Sample code for timeval_subtract can be found at this web site:
/* Subtract the `struct timeval' values X and Y,
storing the result in RESULT.
Return 1 if the difference is negative, otherwise 0. */
int
timeval_subtract (result, x, y)
struct timeval *result, *x, *y;
{
/* Perform the carry for the later subtraction by updating y. */
if (x->tv_usec < y->tv_usec) {
int nsec = (y->tv_usec - x->tv_usec) / 1000000 + 1;
y->tv_usec -= 1000000 * nsec;
y->tv_sec += nsec;
}
if (x->tv_usec - y->tv_usec > 1000000) {
int nsec = (x->tv_usec - y->tv_usec) / 1000000;
y->tv_usec += 1000000 * nsec;
y->tv_sec -= nsec;
}
/* Compute the time remaining to wait.
tv_usec is certainly positive. */
result->tv_sec = x->tv_sec - y->tv_sec;
result->tv_usec = x->tv_usec - y->tv_usec;
/* Return 1 if result is negative. */
return x->tv_sec < y->tv_sec;
}
回答6:
how about this solution? I didn't see anything like this in my search. I am trying to avoid division and make solution simpler.
struct timeval cur_time1, cur_time2, tdiff;
gettimeofday(&cur_time1,NULL);
sleep(1);
gettimeofday(&cur_time2,NULL);
tdiff.tv_sec = cur_time2.tv_sec - cur_time1.tv_sec;
tdiff.tv_usec = cur_time2.tv_usec + (1000000 - cur_time1.tv_usec);
while(tdiff.tv_usec > 1000000)
{
tdiff.tv_sec++;
tdiff.tv_usec -= 1000000;
printf("updated tdiff tv_sec:%ld tv_usec:%ld\n",tdiff.tv_sec, tdiff.tv_usec);
}
printf("end tdiff tv_sec:%ld tv_usec:%ld\n",tdiff.tv_sec, tdiff.tv_usec);
回答7:
Also making aware of interactions between clock() and usleep(). usleep() suspends the program, and clock() only measures the time the program is running.

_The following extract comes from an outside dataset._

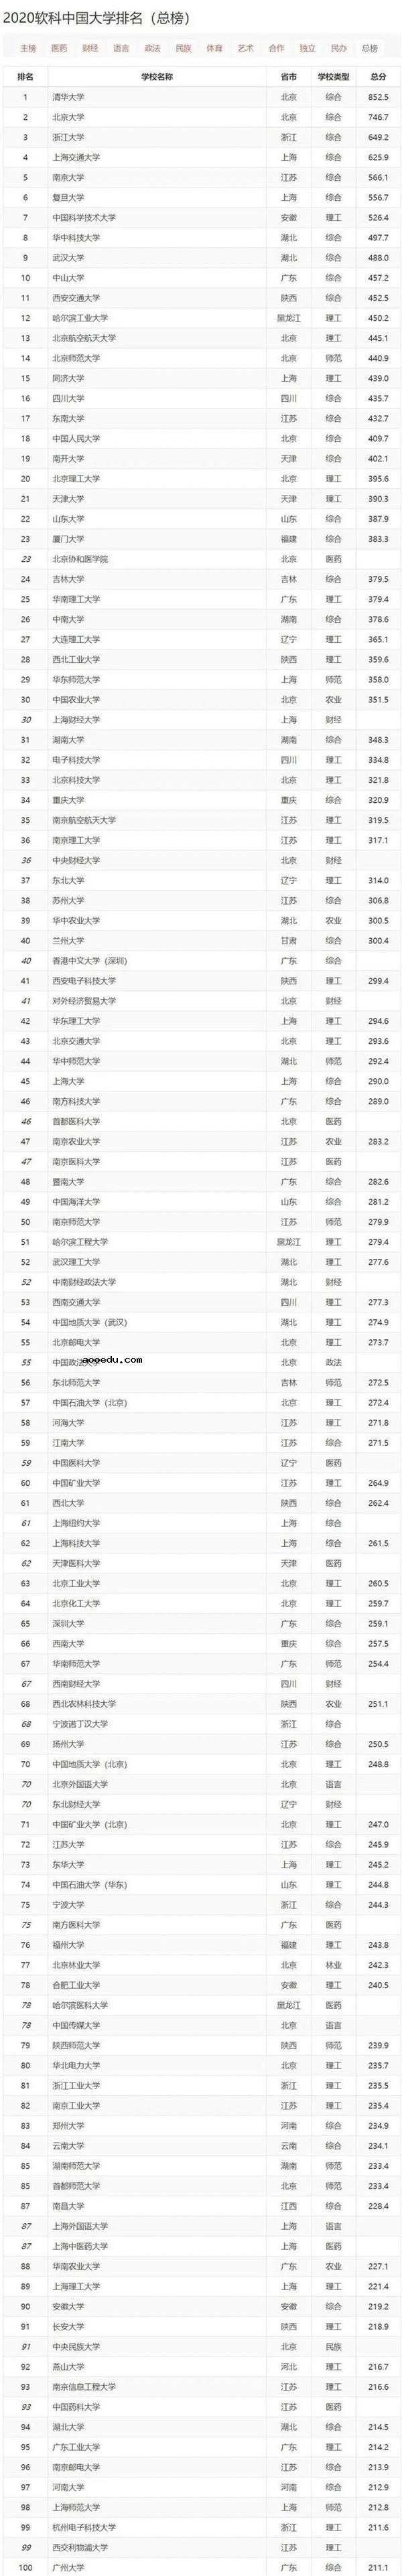 2020年软科中国大学排名公布
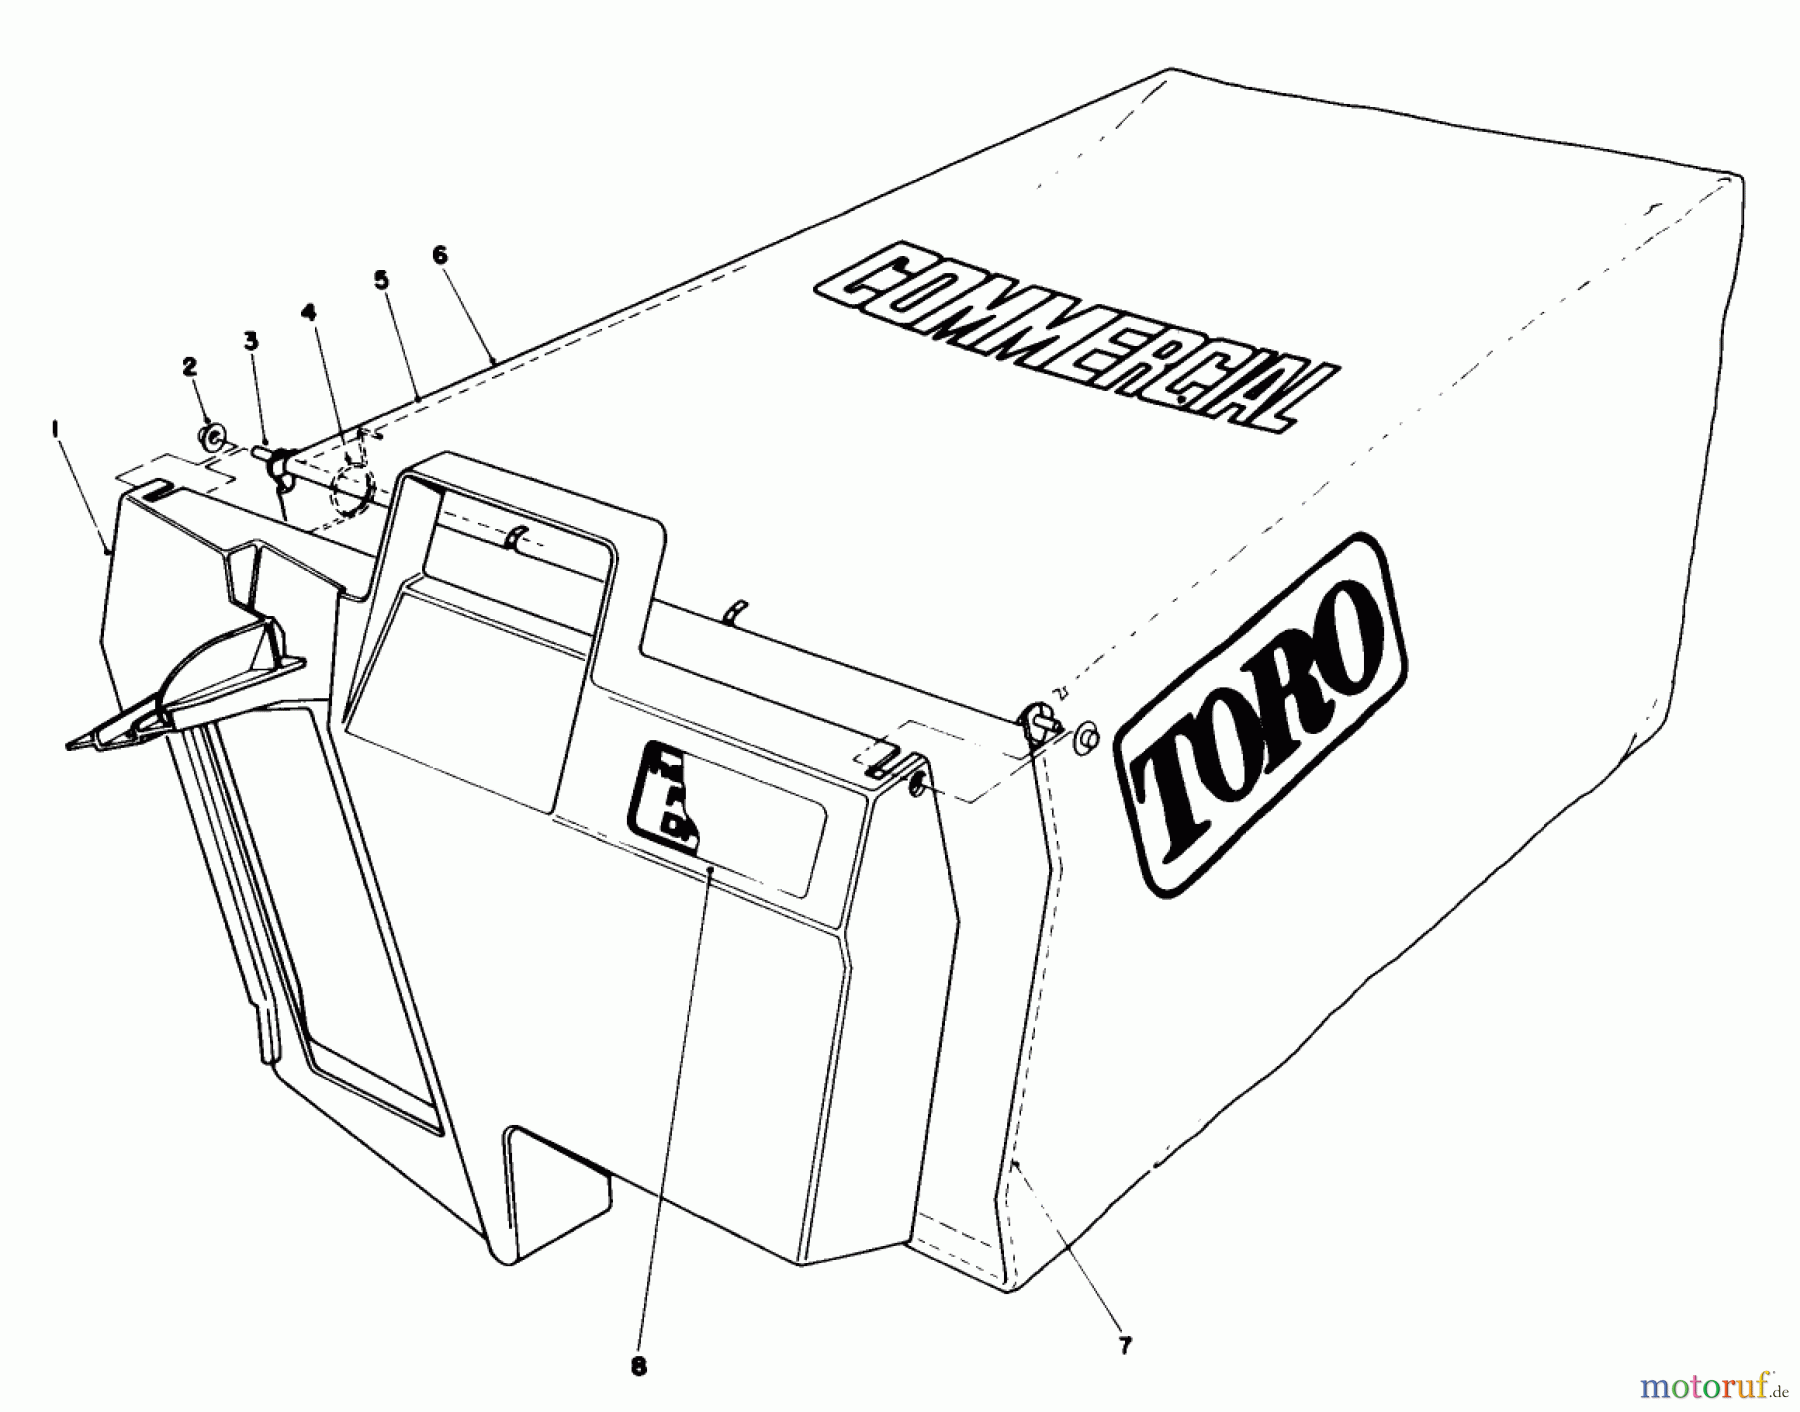  Toro Neu Mowers, Walk-Behind Seite 2 22035 - Toro Lawnmower, 1988 (8000001-8002989) GRASS BAG ASSEMBLY NO. 11-5609

If might be better off to use gettimeofday() as mentioned here
回答8:
Use gettimeofday() or better clock_gettime()
回答9:
U can try routines in c time library (time.h). Plus take a look at the clock() in the same lib. It gives the clock ticks since the prog has started. But you can save its value before the operation you want to concentrate on, and then after that operation capture the cliock ticks again and find the difference between then to get the time difference.